Information provided:
########################################

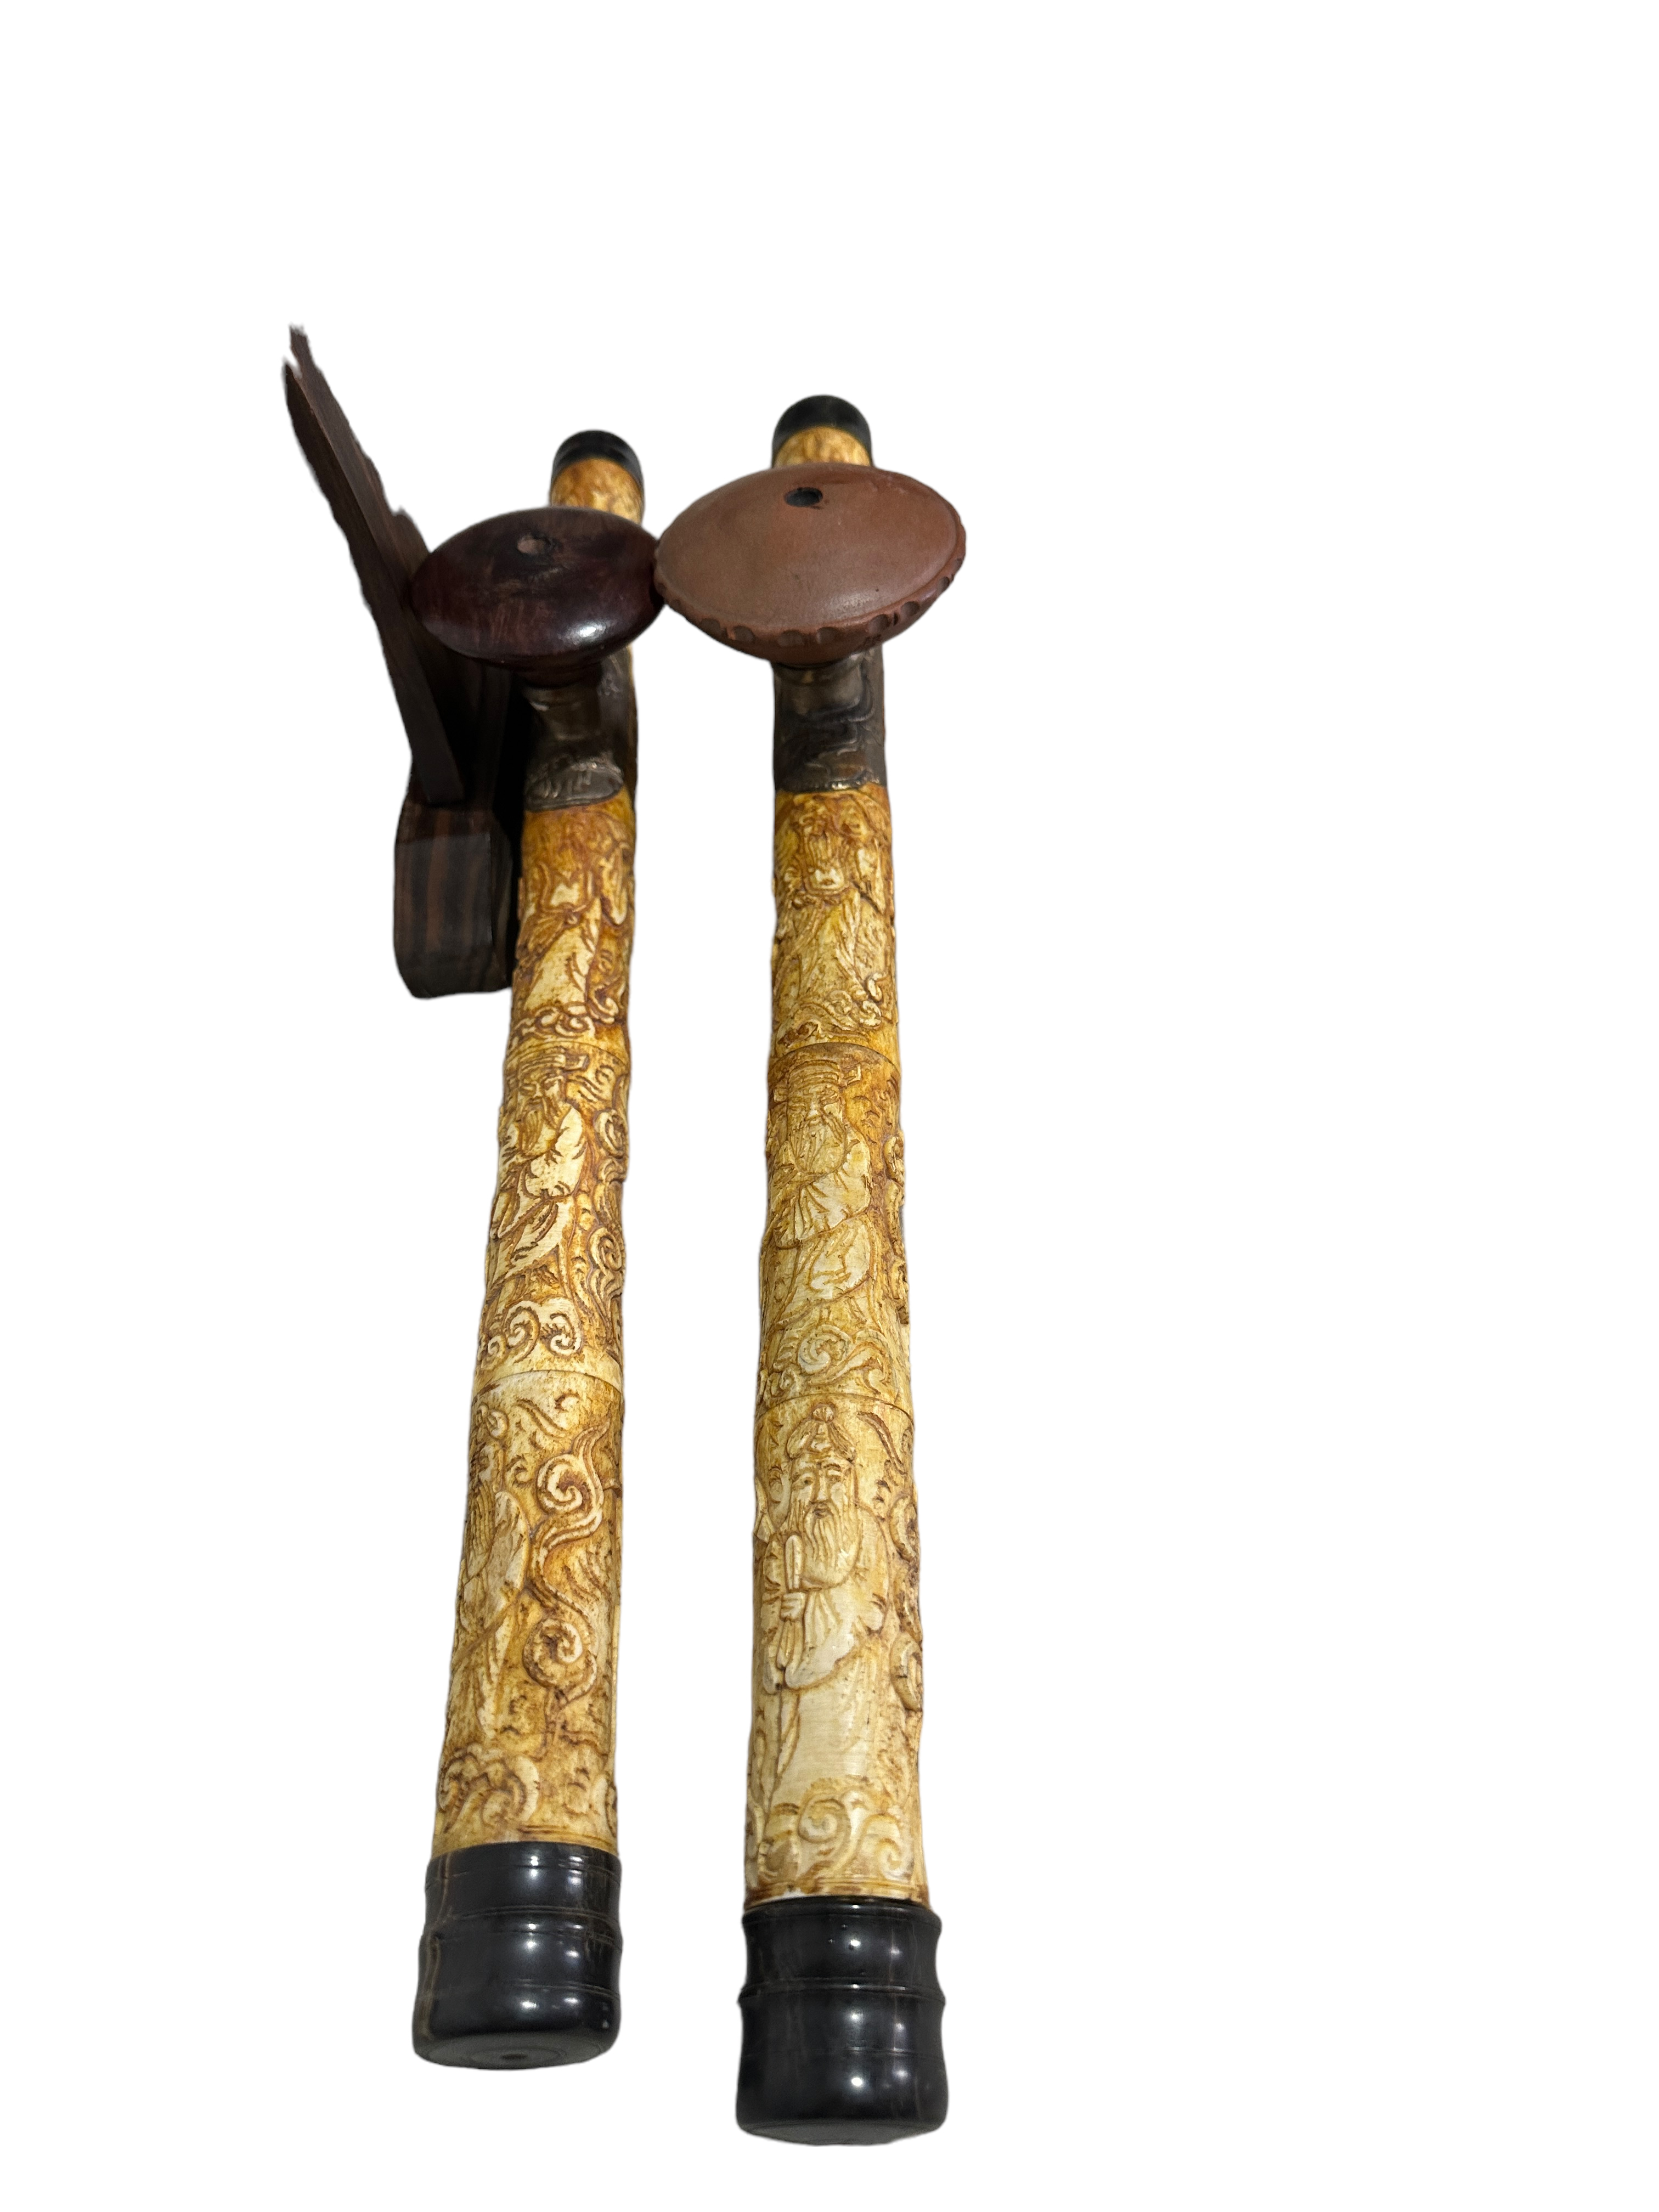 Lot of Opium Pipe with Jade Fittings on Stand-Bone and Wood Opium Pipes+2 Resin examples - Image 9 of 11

########################################

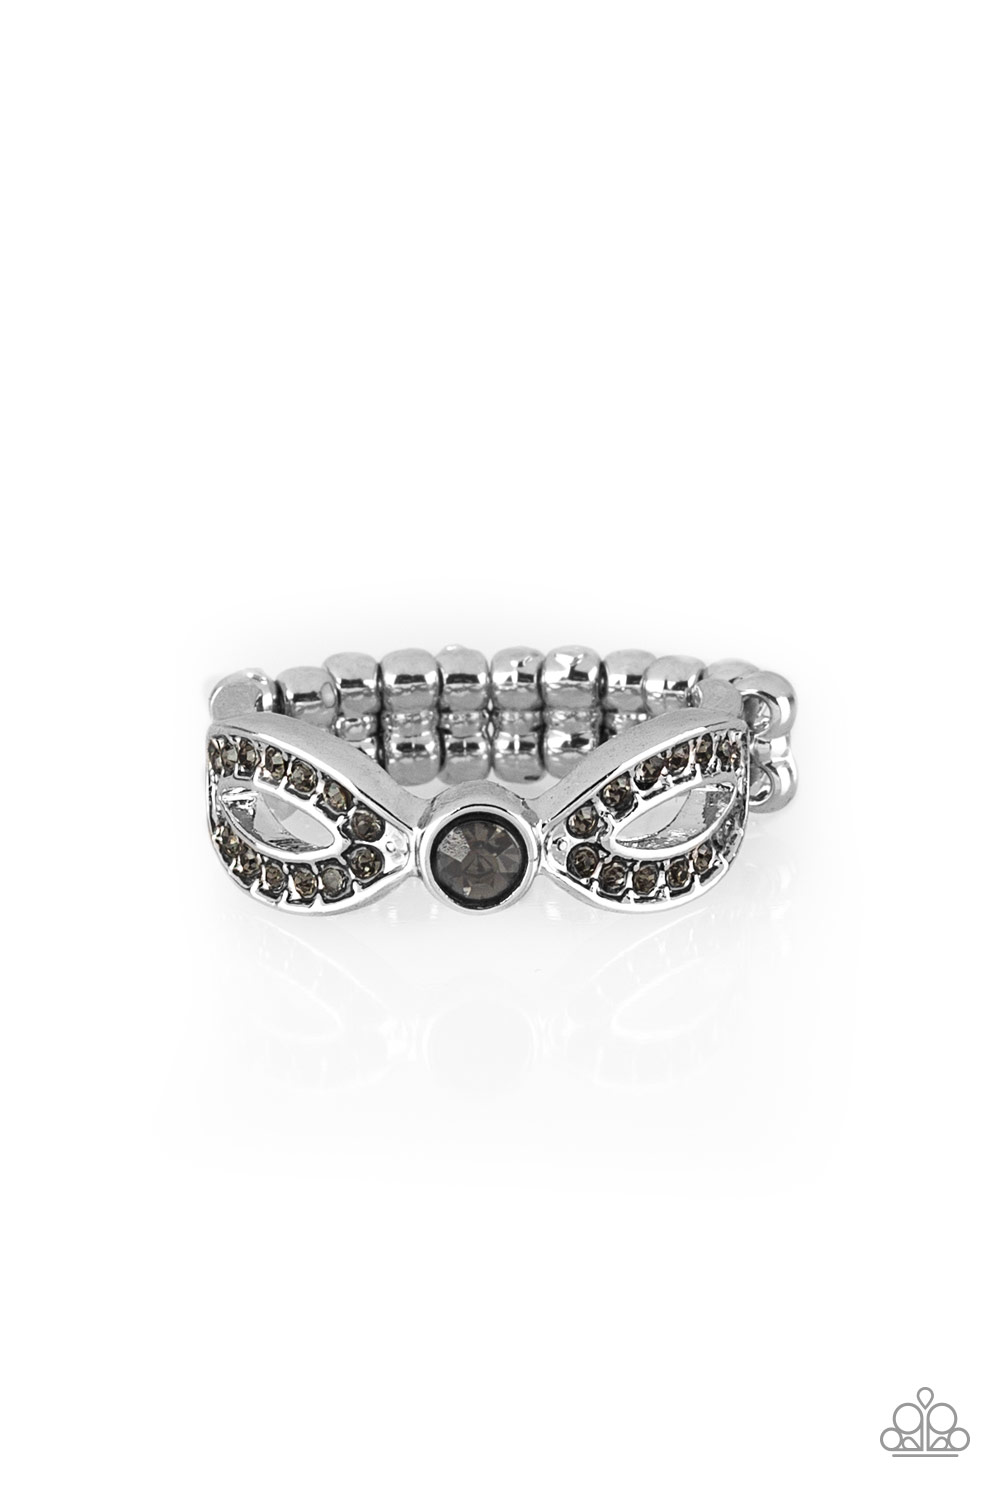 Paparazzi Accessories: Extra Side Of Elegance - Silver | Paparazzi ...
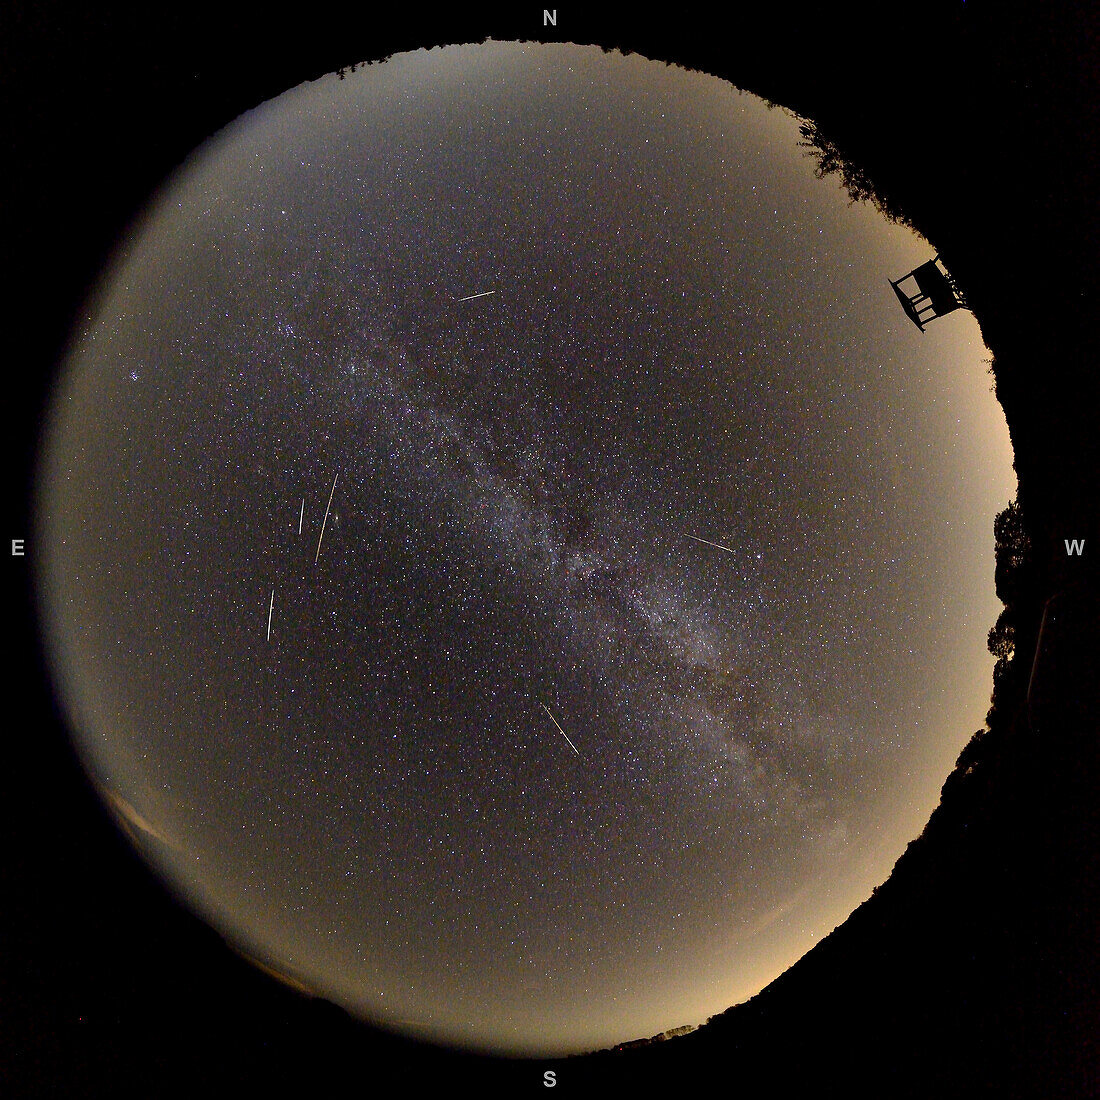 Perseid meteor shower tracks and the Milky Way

########################################

Task objective: From the listing above, repeat only the lines between the line containing "Paparazzi Accessories: Extra" and the line containing "Perseid meteor shower", those two included. Pictures are not part of the copy.

Exercise response:
 Paparazzi Accessories: Extra Side Of Elegance - Silver | Paparazzi ...
 Perseid meteor shower tracks and the Milky Way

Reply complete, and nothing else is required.